4th President of the Medical Society of New Jersey
- In office 1770–1771
- Preceded by: John Cochran
- Succeeded by: Isaac Smith

Personal details
- Born: May 10, 1733 Freehold Borough, New Jersey, British America
- Died: October 17, 1781 (aged 48) Shrewsbury, New Jersey, U.S.

= Nathaniel Scudder =

American Founding Father and politician

Nathaniel Scudder (May 10, 1733 – October 17, 1781) was an American Founding Father, physician, and officer during the American Revolutionary War. He served as a delegate for New Jersey to the Continental Congress, where he was one of two delegates from New Jersey to sign the Articles of Confederation.

==Biography==
Scudder was born in Monmouth Court House, Province of New Jersey, which later became Freehold Borough, New Jersey. He attended the College Of New Jersey (now Princeton University) and graduated in 1751. He then studied medicine before setting up a practice in Monmouth County, New Jersey.

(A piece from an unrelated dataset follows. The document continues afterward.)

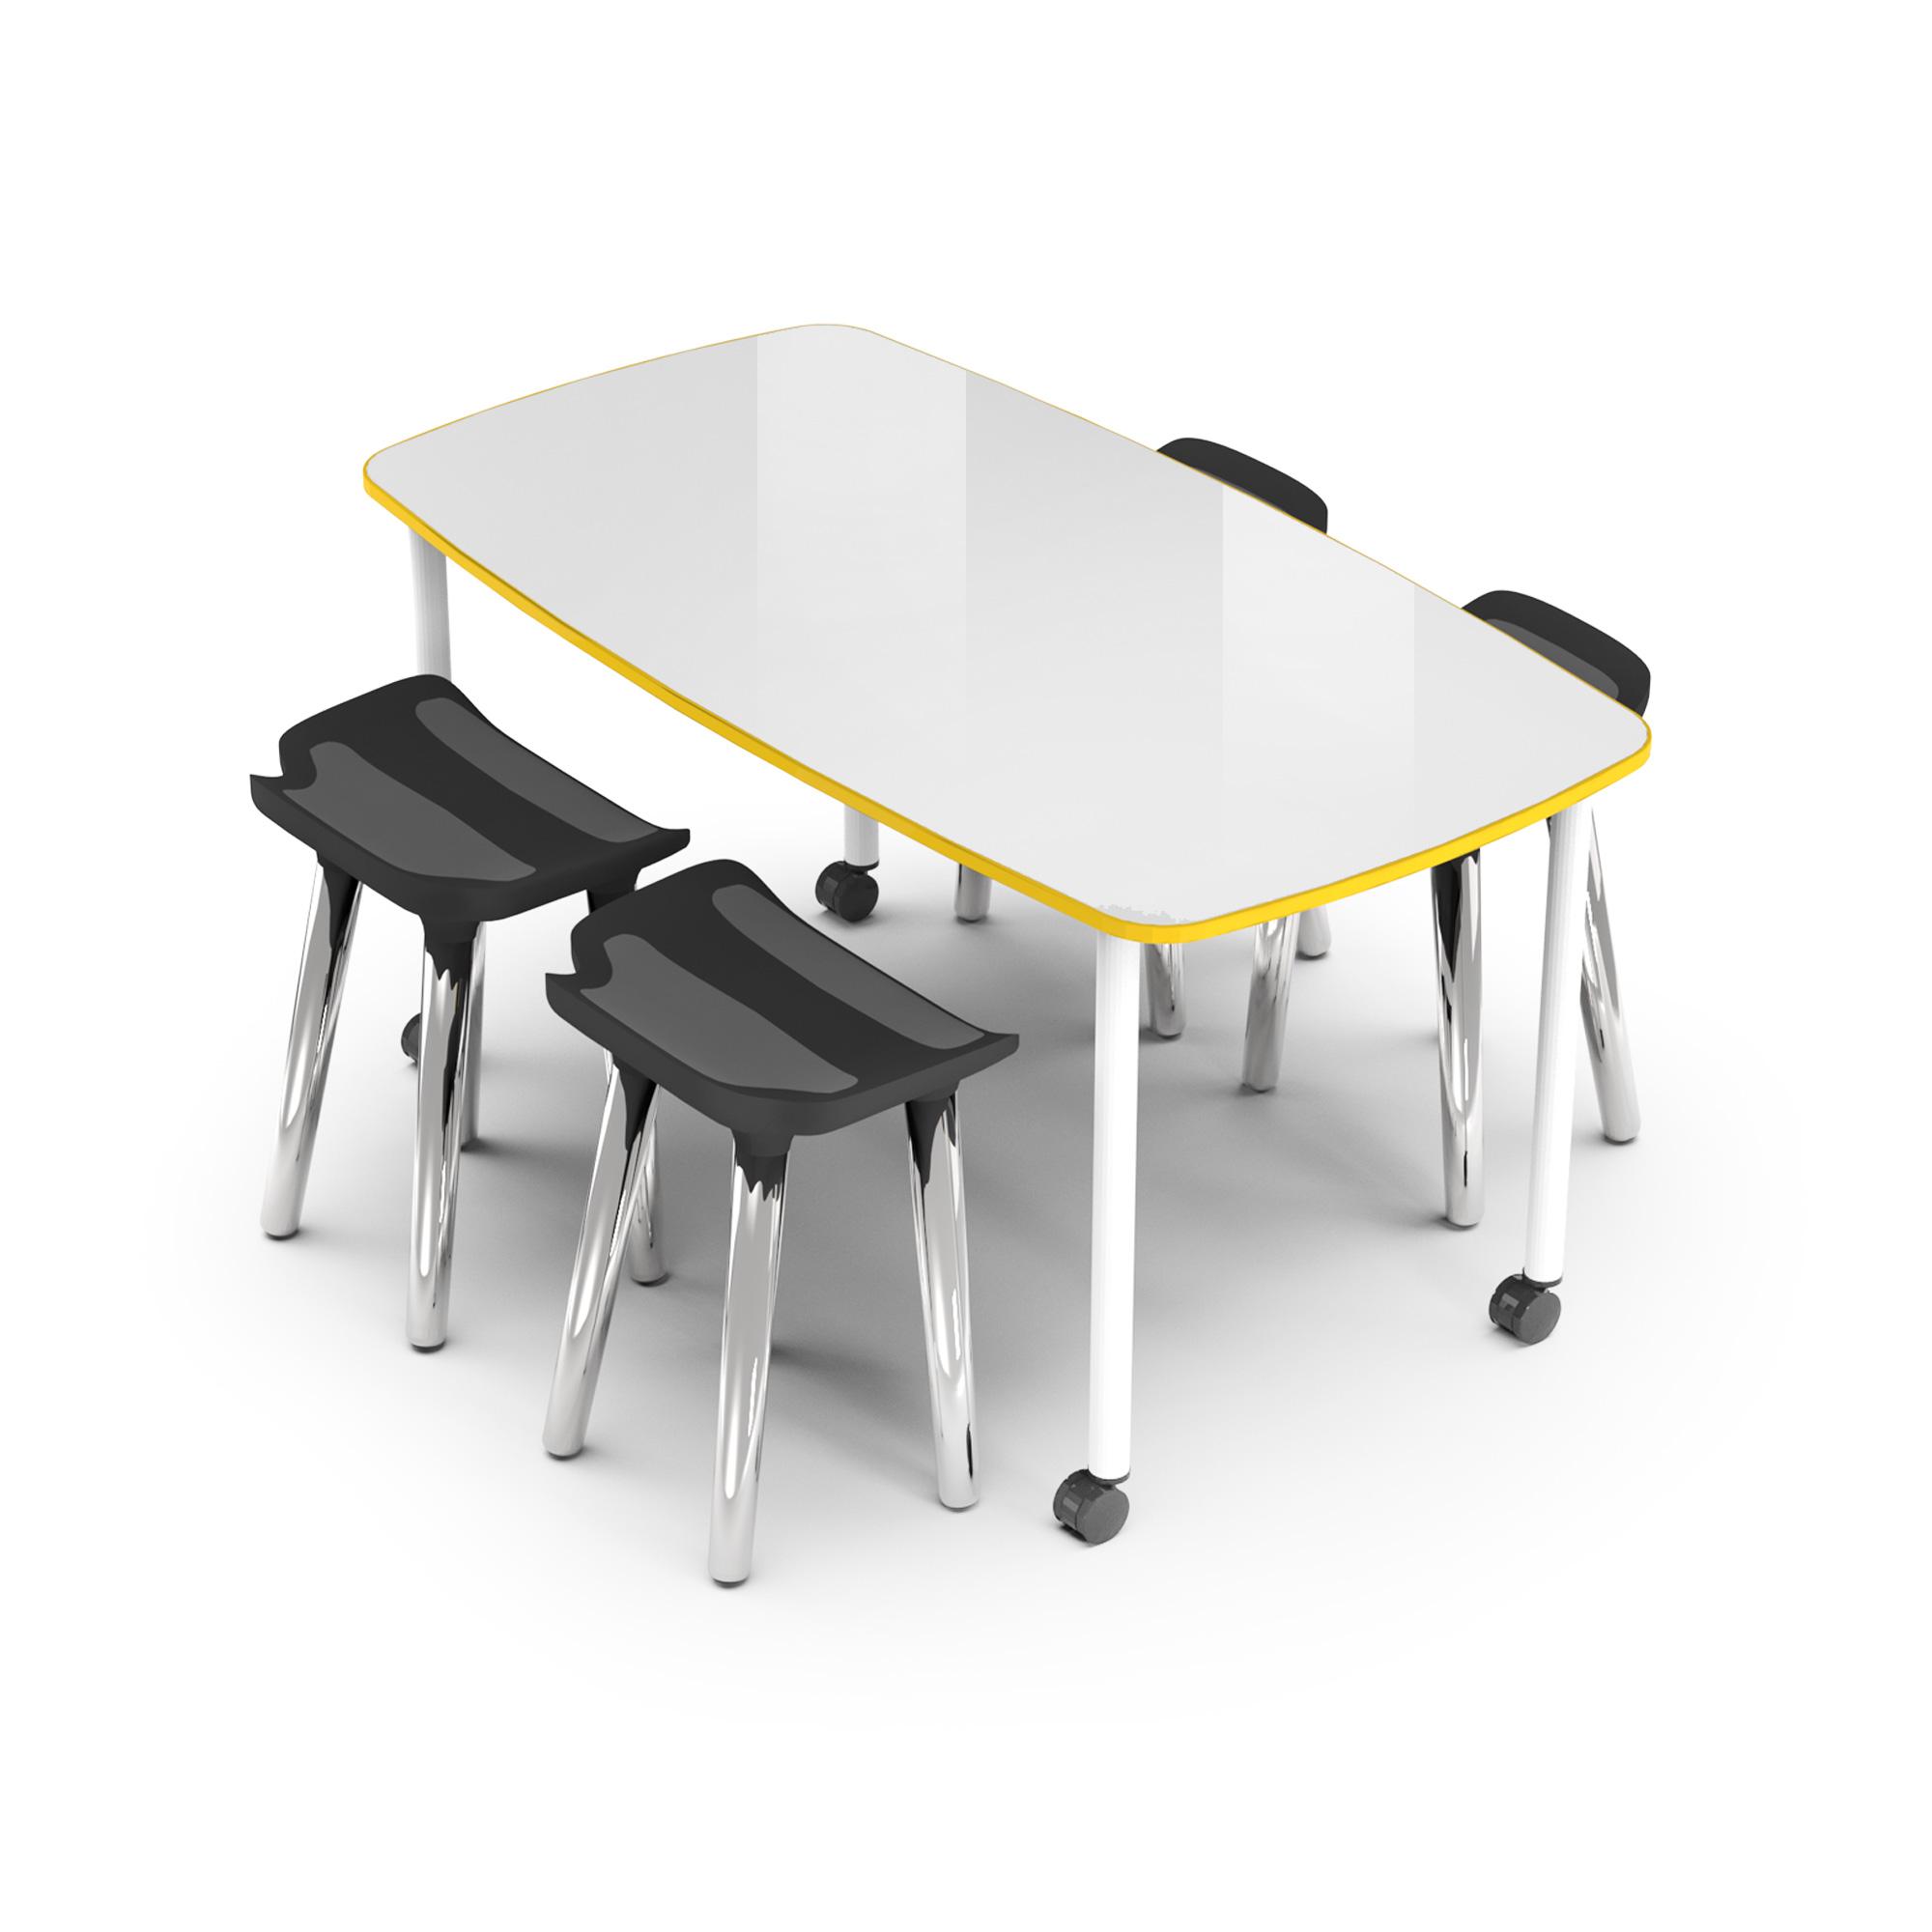 Tech Jnr Collection C058 | Beparta Flexible School Furniture

Dr. Scudder was active in civic and militia affairs. When the revolution split the colonies, he supported the rebel cause. He was a member of the county's committee of safety and represented it in the Provincial Congress held in 1774. That same year he was named lieutenant colonel in the county's first regiment of militia. In 1776 he was elected to a one-year term as Monmouth County's first member of the newly constituted New Jersey Legislative Council, and in 1780 he was elected to the New Jersey General Assembly.

In 1777, Scudder became the colonel of his militia regiment and was sent as a delegate to the Continental Congress. During the summer of 1778, he was particularly busy and abandoned his medical practice. He split his time between the Congress and militia activities. He led his regiment in the Battle of Monmouth in June. He wrote a series of impassioned letters to local and state leaders urging the adoption of the Articles of Confederation, and when New Jersey's legislature approved them in November, he endorsed them for the state at the Congress.

Scudder continued both forms of service for several years. On October 17, 1781, he led a part of his regiment to offer resistance to a British Army foraging party and was killed in a skirmish near Shrewsbury, New Jersey. He is buried in the Old Tennent Cemetery in Manalapan Township. Dr. Scudder was the only member of the Continental Congress to die in battle during the Revolutionary War and the last colonel to die in battle.